RKE2 1.27 to 1.28 upgrade prevented by RKE2 trying to update ns annotations during startup and failing
(troubleshooted jointly with @feleouet)
Details at https://github.com/rancher/rke2/issues/5693
Short summary:
- (we already knew that RKE2, on startup of a new node, cannot do API operations that triggers webhooks because its local API server can't reach pods, because kube-proxy is started at the end of the initialization)
- unfortunately RKE2 installs network policies and tries to annotate the namespaces which it already covered, this annotation action trigger webhooks we have in Sylva on Namespace resources (Rancher and Kyverno built-in webhooks)
- this is a problem only for RKE2 upgrades that need to add new network policies, which is the case for 1.27 to 1.28
Implications for Sylva: this prevents upgrading an RKE2 cluster from 1.27 to 1.28.

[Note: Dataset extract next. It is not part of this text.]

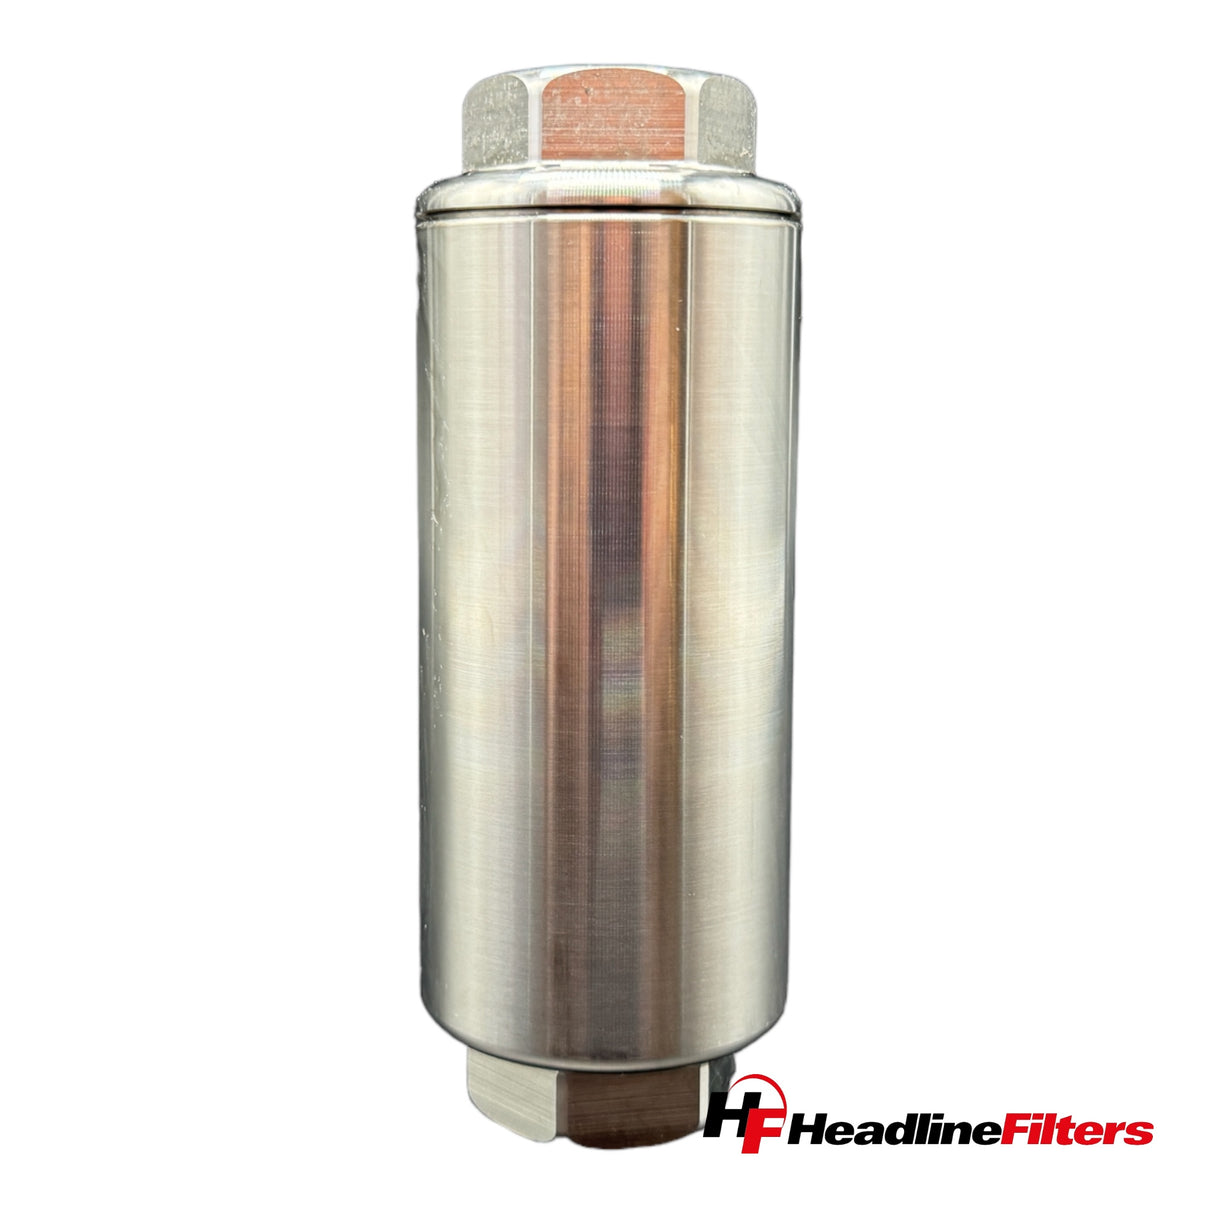 Stainless Steel Filter Housing - Model 136IL

I found this workaround: if we setup a few annotations on the kube-system namespace, we avoid the code that breaks.
apiVersion: v1
kind: Namespace
metadata:
annotations:
# these ones are already present on 1.27, nothing to do
np.rke2.io: resolved
np.rke2.io/dns: resolved
np.rke2.io/ingress: resolved
# these 3 ones would be added by RKE2 1.28, if we add them manually the problematic code will not run
np.rke2.io/ingress-webhook: resolved
np.rke2.io/metrics-server: resolved
np.rke2.io/snapshot-validation-webhook: resolved
One implication if we do that is that we would need something else to install these network policies.